Repeat exactly, and only, the lines below starting at the line that contains "騙局-第11話 不安全彩韩漫标签" and ending at the line that contains "Bilgola Beach - Image", inclusive of both.

* SUPPLIED MATERIAL:
★ ★ ★ ★
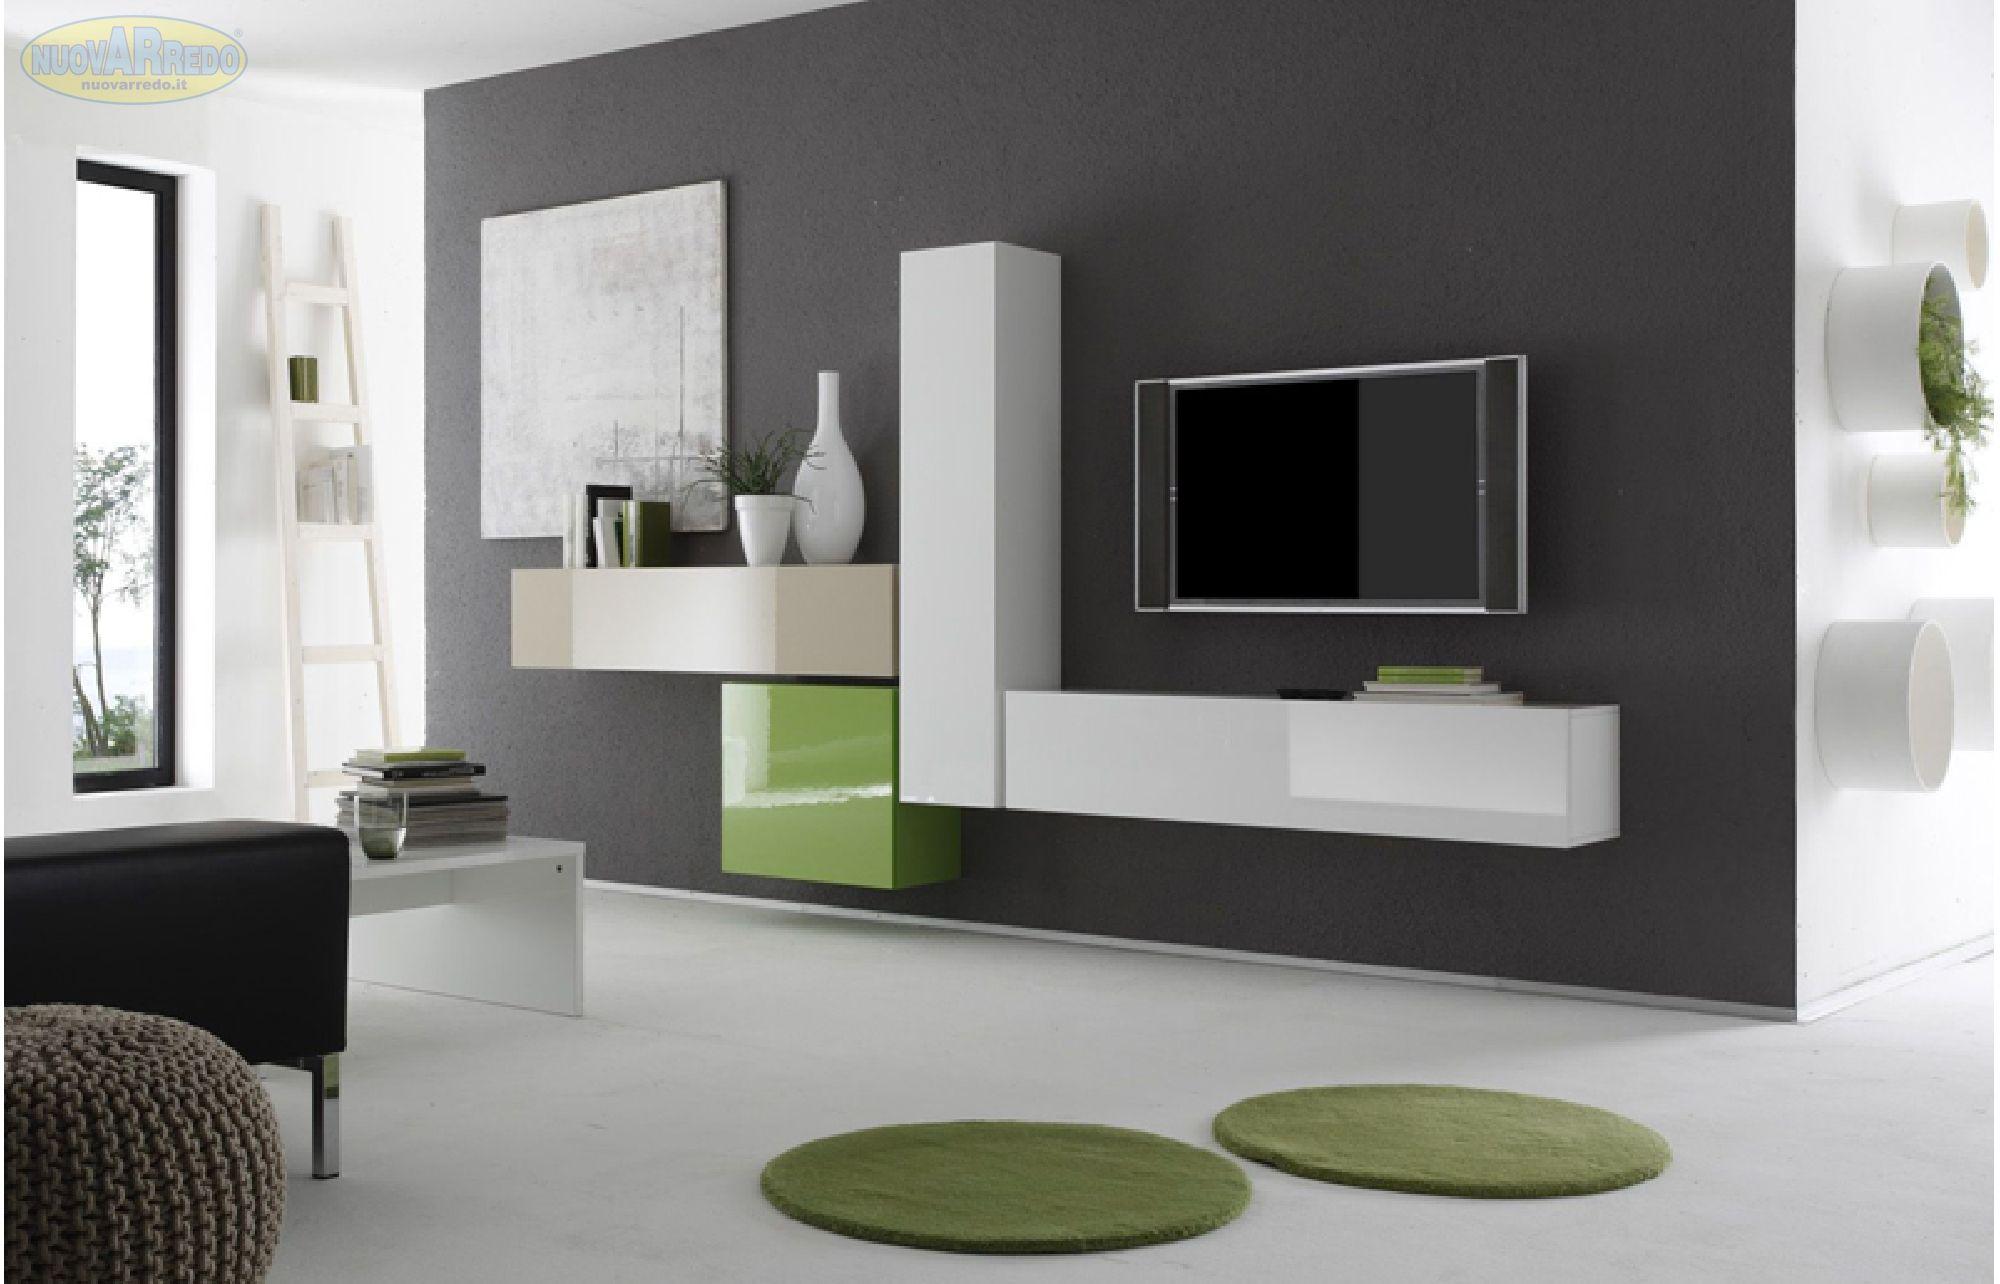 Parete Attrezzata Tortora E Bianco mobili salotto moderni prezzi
★ ★ ★ ★
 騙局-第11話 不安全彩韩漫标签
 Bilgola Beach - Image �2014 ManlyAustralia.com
★ ★ ★ ★
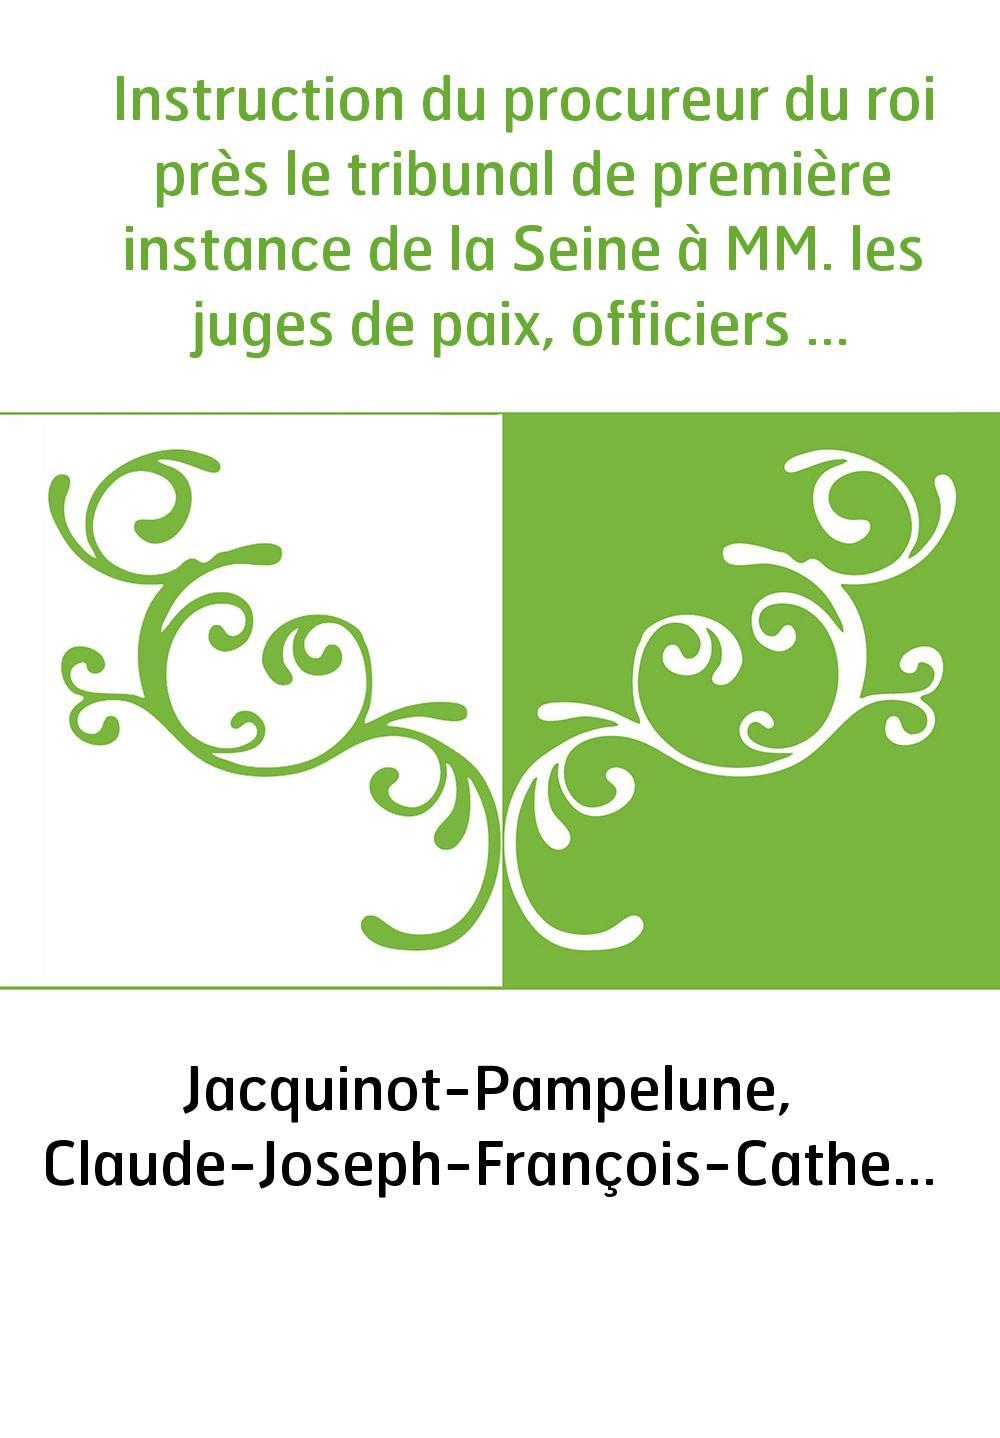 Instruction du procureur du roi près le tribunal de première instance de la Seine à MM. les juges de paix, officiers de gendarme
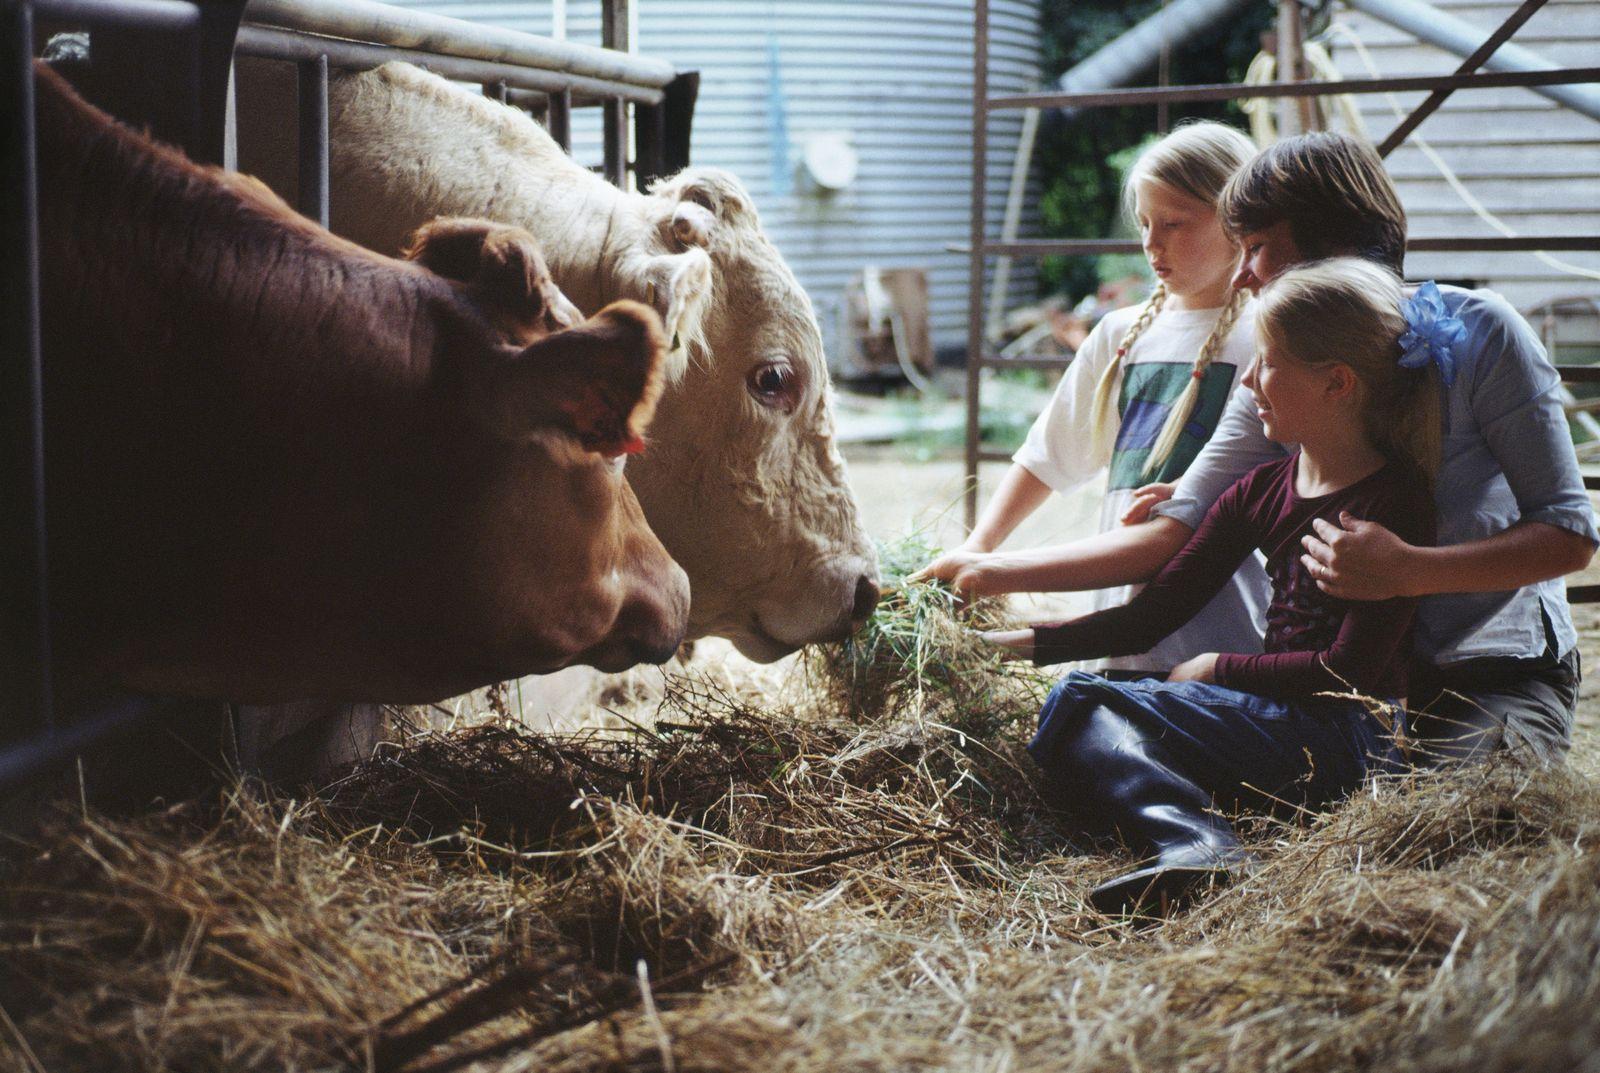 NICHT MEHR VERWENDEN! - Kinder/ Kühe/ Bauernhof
★ ★ ★ ★
* ANSWER:
 騙局-第11話 不安全彩韩漫标签
 Bilgola Beach - Image �2014 ManlyAustralia.com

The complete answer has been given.